Task to complete:
Instruction for the data below: set down exactly the lines from the line with "Polignano,Italia ; una" to the line with "Pirata con su", inclusive, and no others.

Dataset:

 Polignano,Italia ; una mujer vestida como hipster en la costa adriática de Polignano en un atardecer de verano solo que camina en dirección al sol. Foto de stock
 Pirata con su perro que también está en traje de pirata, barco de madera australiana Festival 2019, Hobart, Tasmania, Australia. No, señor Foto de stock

...

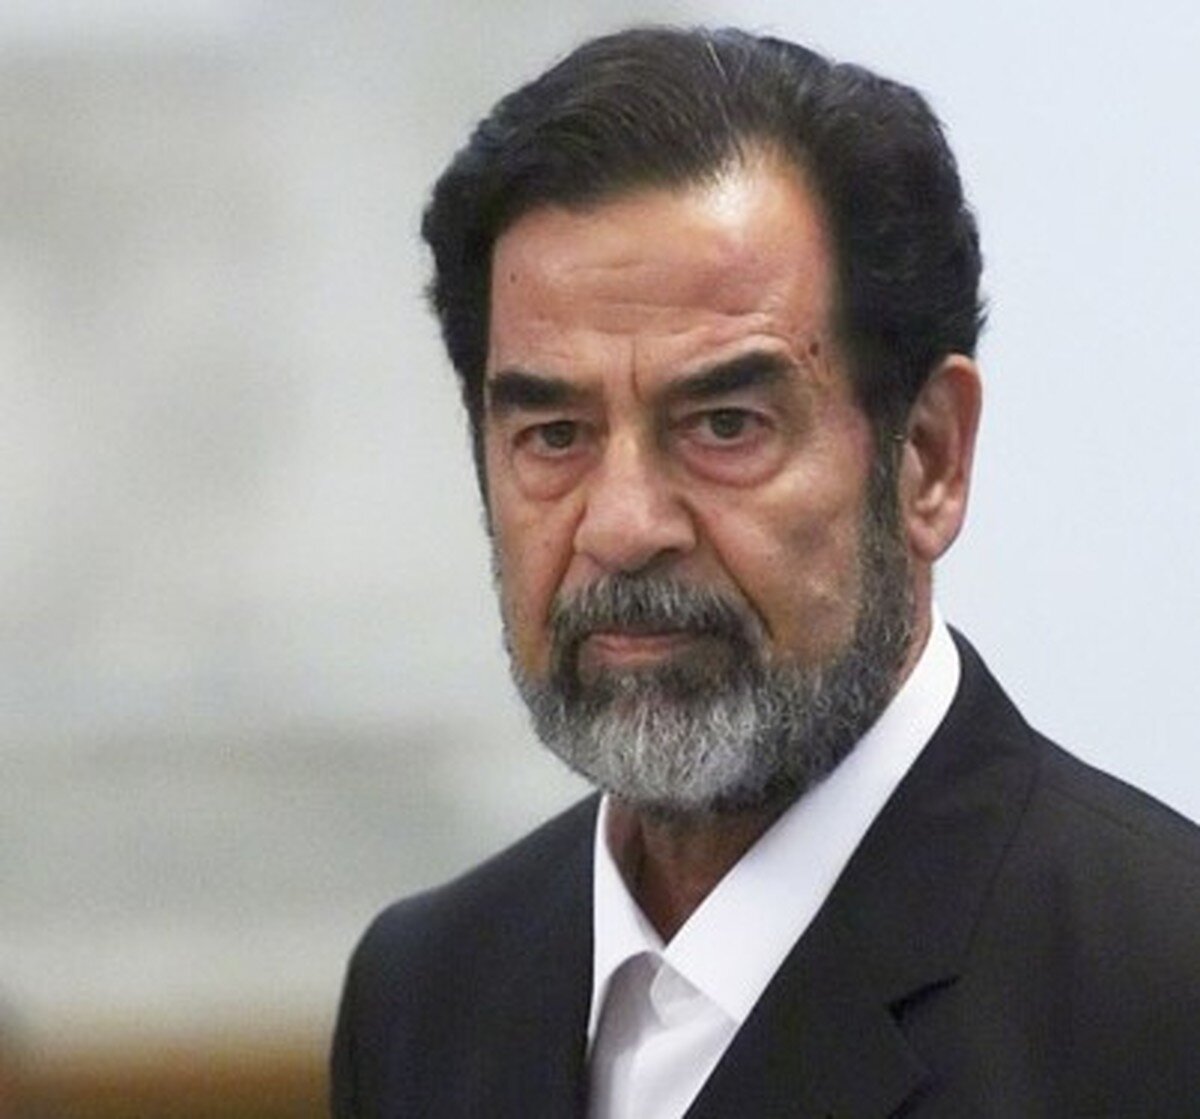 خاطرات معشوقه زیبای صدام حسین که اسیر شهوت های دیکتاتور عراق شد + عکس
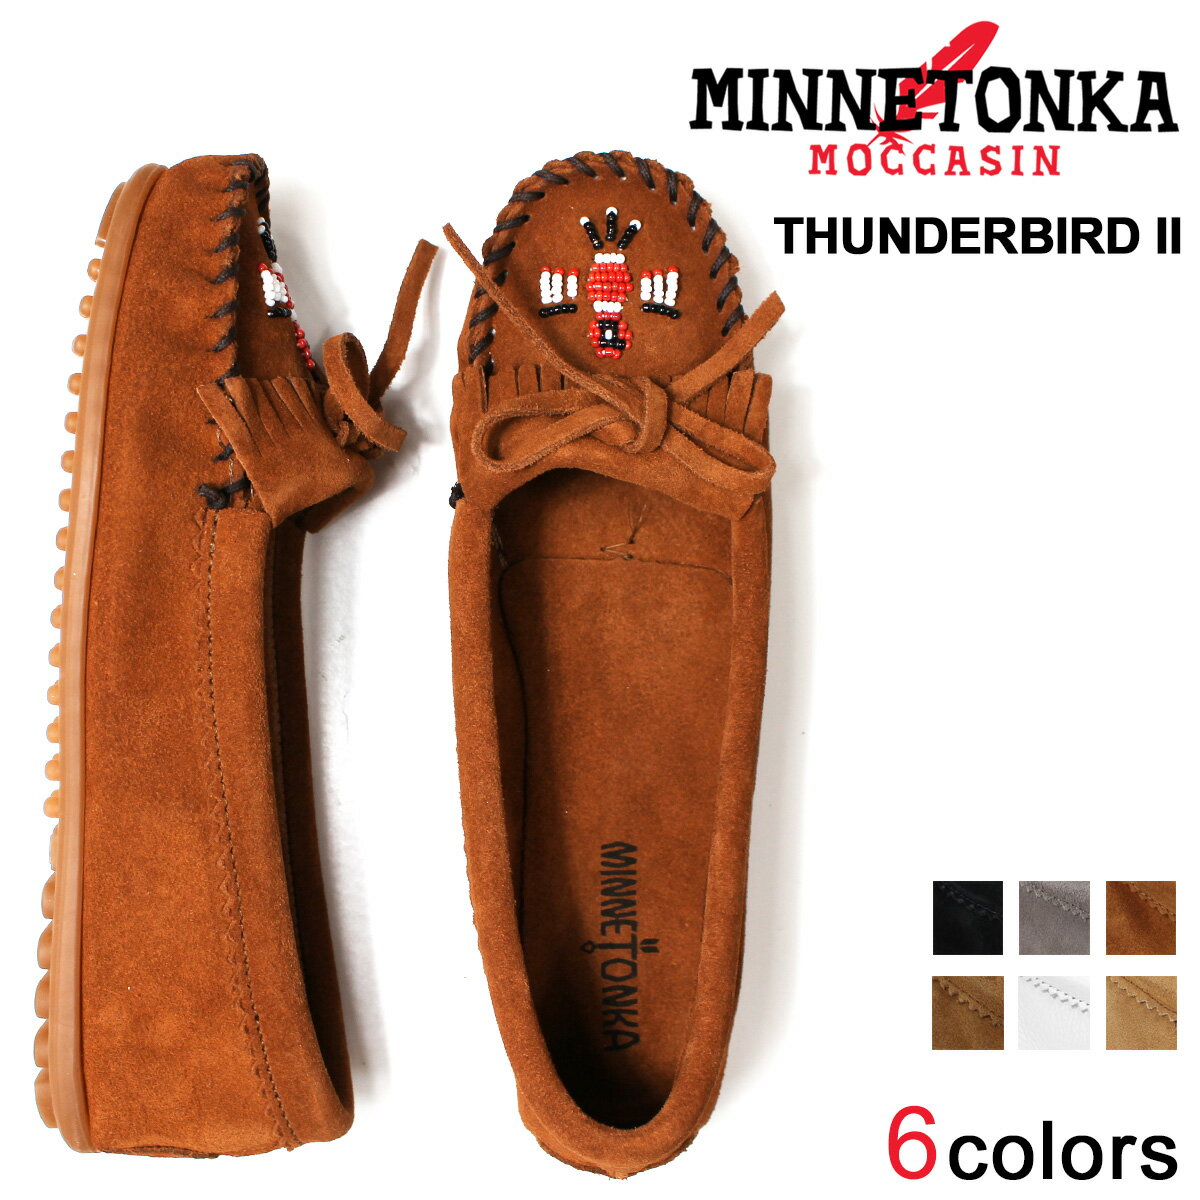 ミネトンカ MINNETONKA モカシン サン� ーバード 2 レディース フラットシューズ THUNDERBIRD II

==

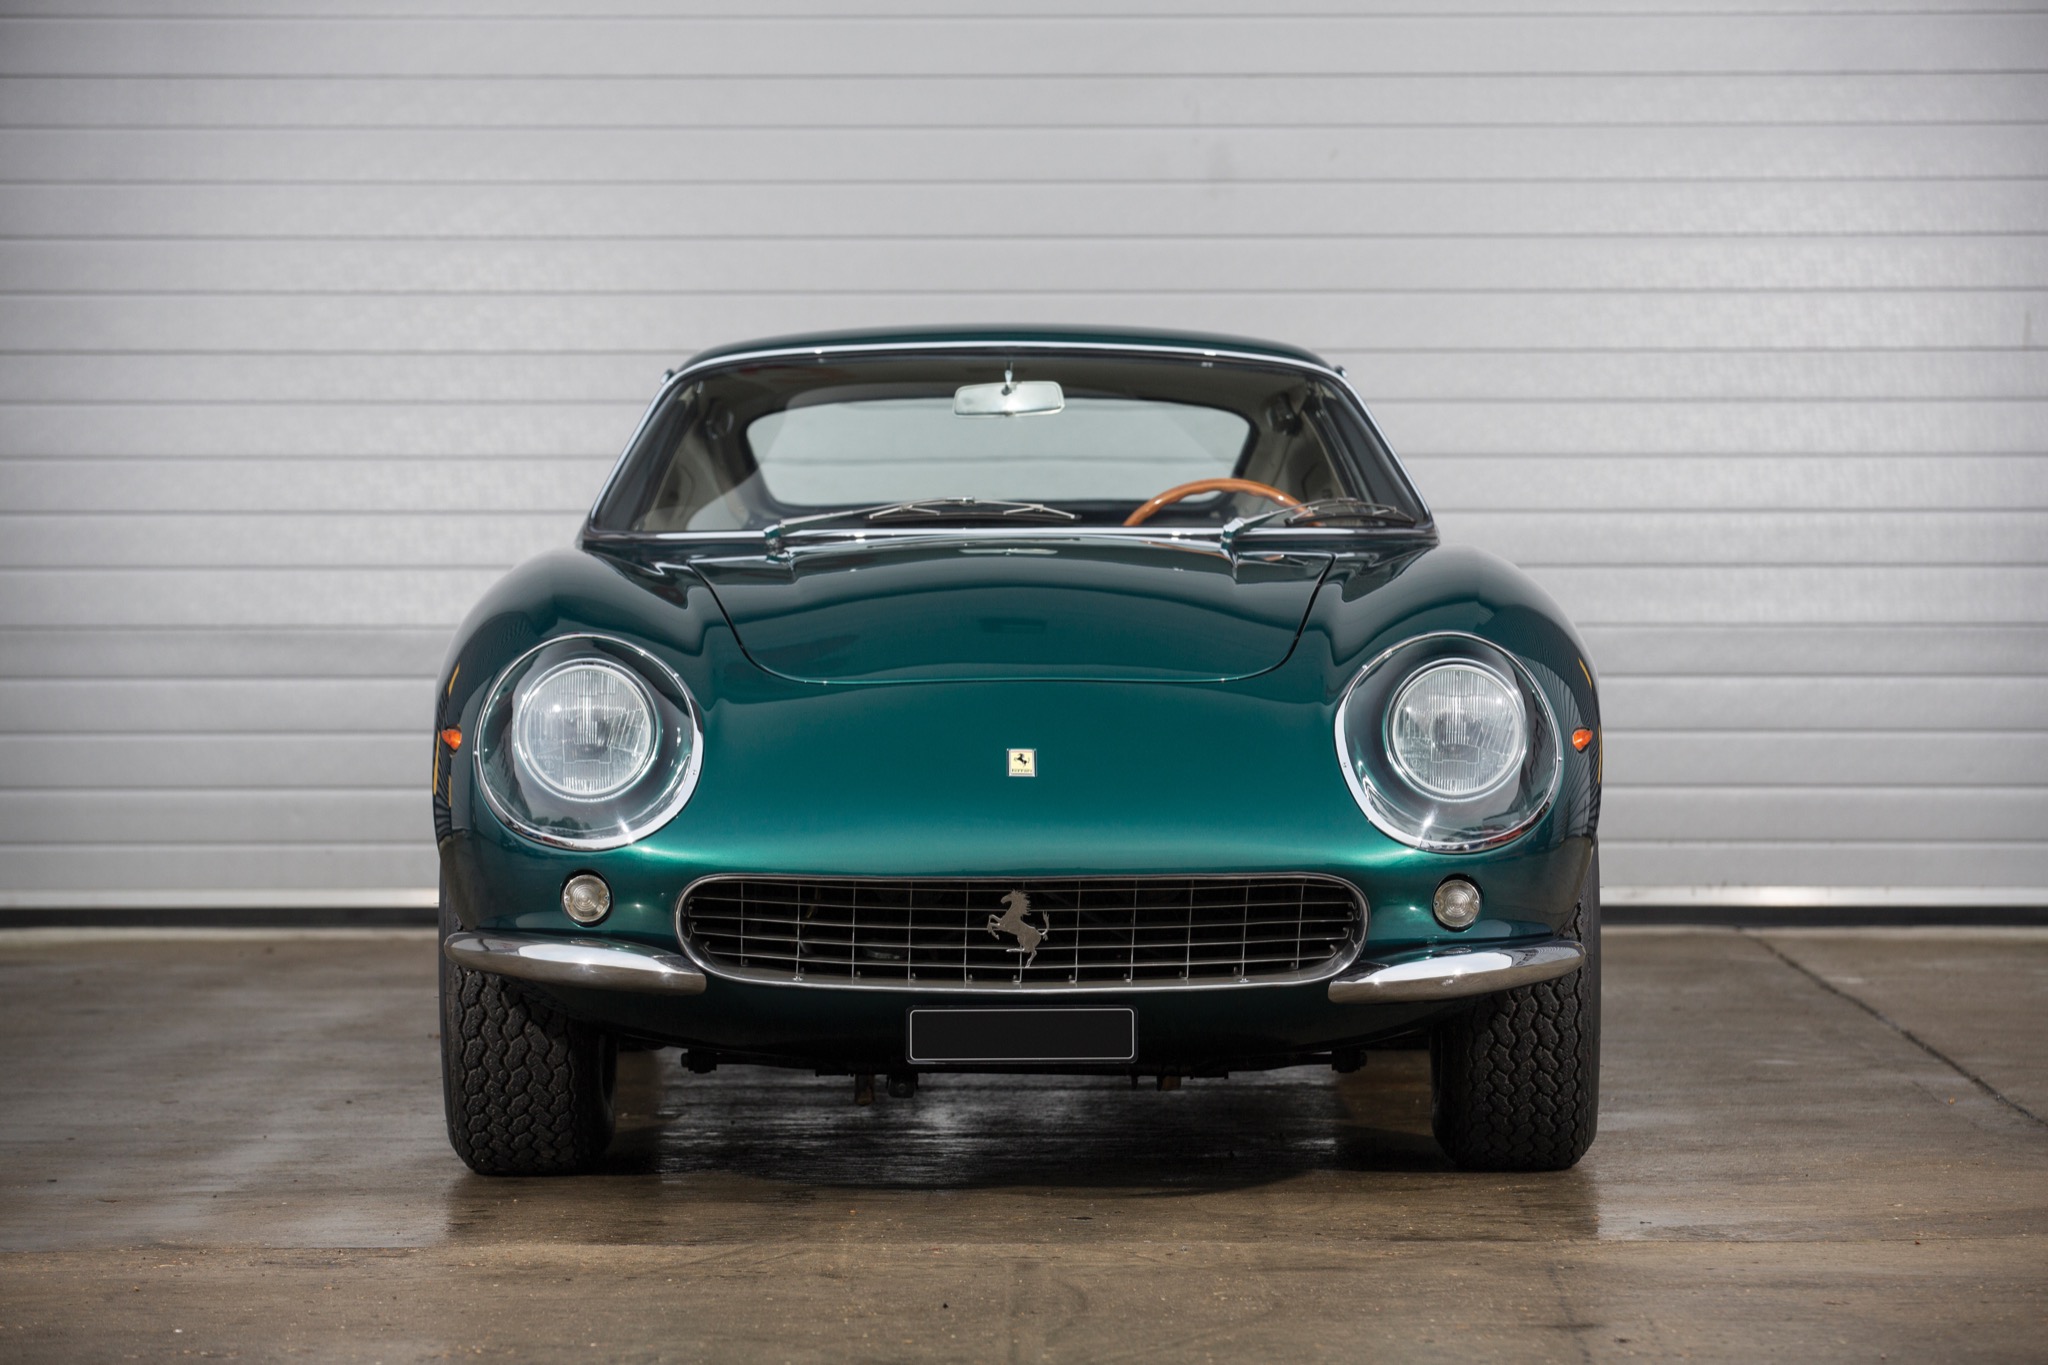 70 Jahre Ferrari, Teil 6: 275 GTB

Completed exercise:
 Polignano,Italia ; una mujer vestida como hipster en la costa adriática de Polignano en un atardecer de verano solo que camina en dirección al sol. Foto de stock
 Pirata con su perro que también está en traje de pirata, barco de madera australiana Festival 2019, Hobart, Tasmania, Australia. No, señor Foto de stock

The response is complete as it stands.